Несколько смущенный, но искренне тронутый честью, оказанной ему его пламенной маленькой родственницей, он взял на себя непривычную ответственность за ее воспитание с такими сомнениями, каких никогда не испытывал, принимая различные высокие почести, оказываемые ему его страной. Она покинула дом в Мерсерсбурге, штат Пенсильвания, где родилась, и дом ее дяди «Уитленд» стал с тех пор ее собственным. Это был просторный старый кирпичный дом с обширным участком на Ист-Кинг-стрит в Ланкастере, одном из старых колониальных городов Пенсильвании.

Говорят, в скольких бы местах мы ни жили, домом для нас является только одно. «Уитленд» стал таковым для Харриет Лейн, хотя ей суждено было повидать немало мира и проводить годы вдали от его безмятежного уединения. Его благоустройство и украшение всегда были для нее предметом живого интереса. Именно там она впервые привлекла к себе восхищение, которое постепенно распространилось по всей ее стране и в Англии, ибо слава Харриет Лейн была международной. Там она принадлежала своему дяде, поскольку у них был обычай проводить утра вместе, обычно за чтением газет, причем она между делом усваивала его государственные взгляды на политические вопросы дня.

Бьюкенен часто принимал в «Уитленде» как своих политических друзей, так и тех, с кем свел знакомство благодаря дипломатическим связям. Его племянница была поистине очаровательной хозяйкой в таких случаях, которые часто сопровождались большим блеском.

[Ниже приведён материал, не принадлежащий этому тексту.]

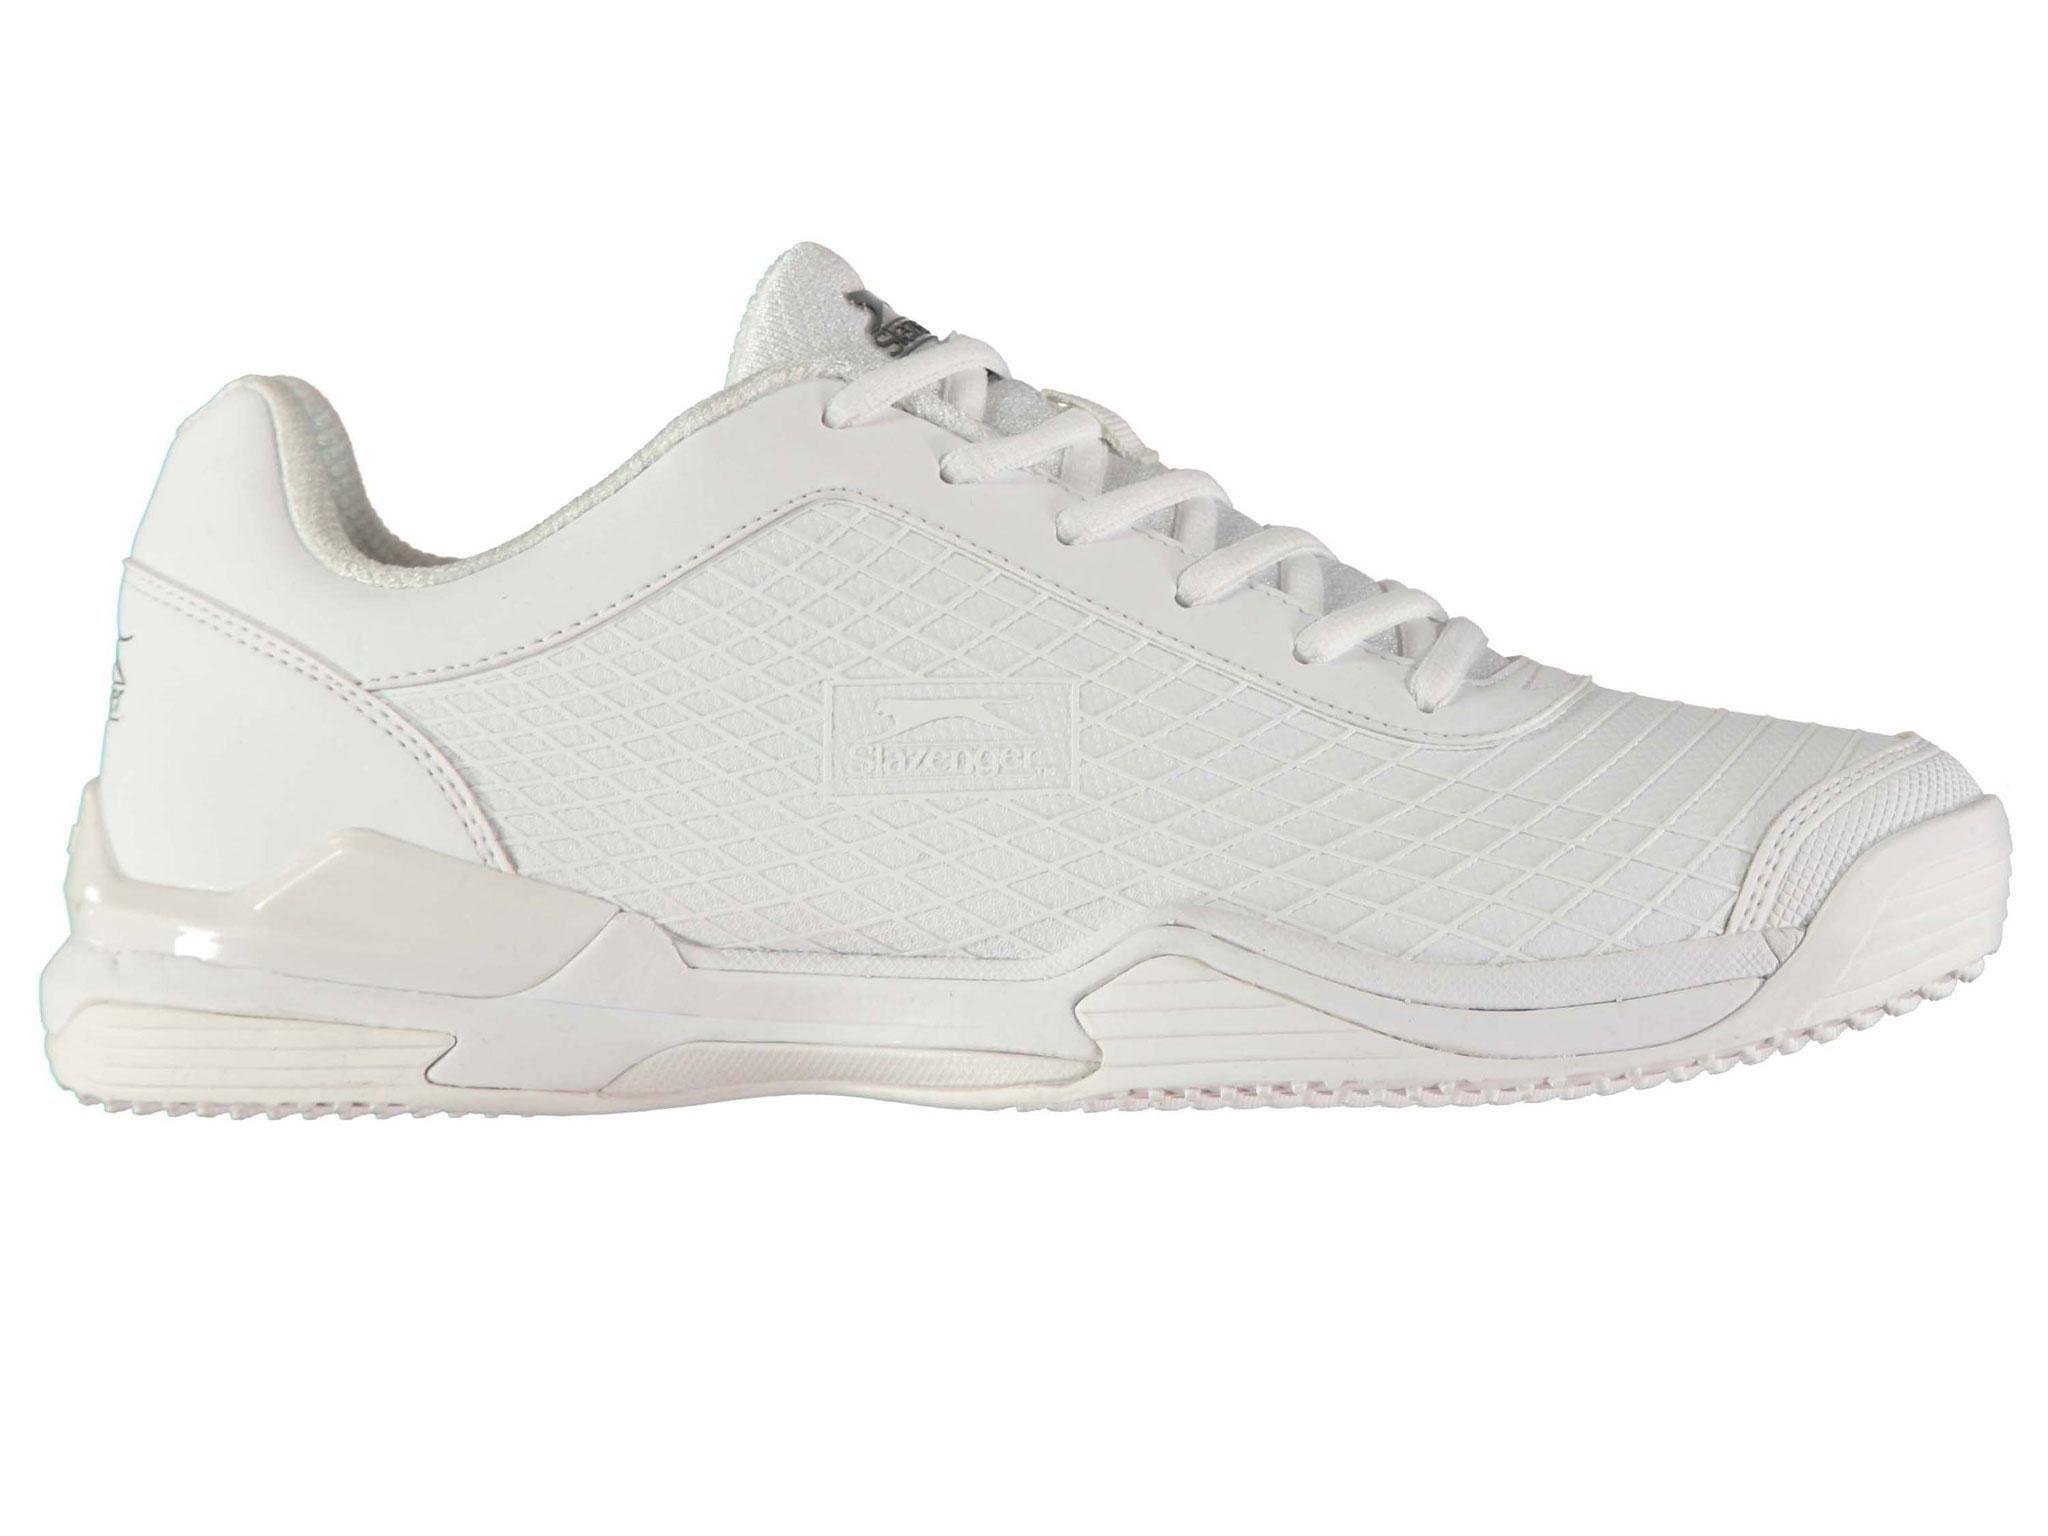 Slazenger 1881 Grass Court Tennis Shoes  £49.99 788c29deadb98

Первая попытка воспитания после того, как она перешла под опеку дяди, не была удачной по мнению его юной подопечной. Будучи вынужден отправиться в Вашингтон на сессию Конгресса, он закрыл свой дом в Ланкастере и перенес хозяйство в столицу, ибо Бьюкенен всегда устраивал свои домашние очаги везде, где задерживался на сколько-нибудь долгое время, а его экономка мисс Хетти Паркер, служившая ему в этом качестве сорок лет, переезжала с ним с места на место. Харриет оставили в Ланкастере, в доме нескольких почтенных старых дев, знакомых ее дяди, которые имели определенные взгляды на моральную поступку, подобающую подрастающему поколению. Судя по ее собственным рассказам из писем дяде, ее часто наказывали посредством ее здорового молодого аппетита. Бывали мелодраматические случаи, когда она пила чай без сахара и была вынуждена подвергать себя разного рода умерщвлениям плоти, к которым ни одна маленькая девочка не имеет природной склонности. После того как ее увезли из этой неблагоприятной обстановки, она долгое время жила в страхе перед неблагоприятными обстоятельствами, которые могли вернуть ее туда. Дядя, для которого не пропал ни пафос, ни юмор ситуации, не раз в шутку намекал в письмах к ней, что она, пожалуй, захочет вернуться к старым дамам.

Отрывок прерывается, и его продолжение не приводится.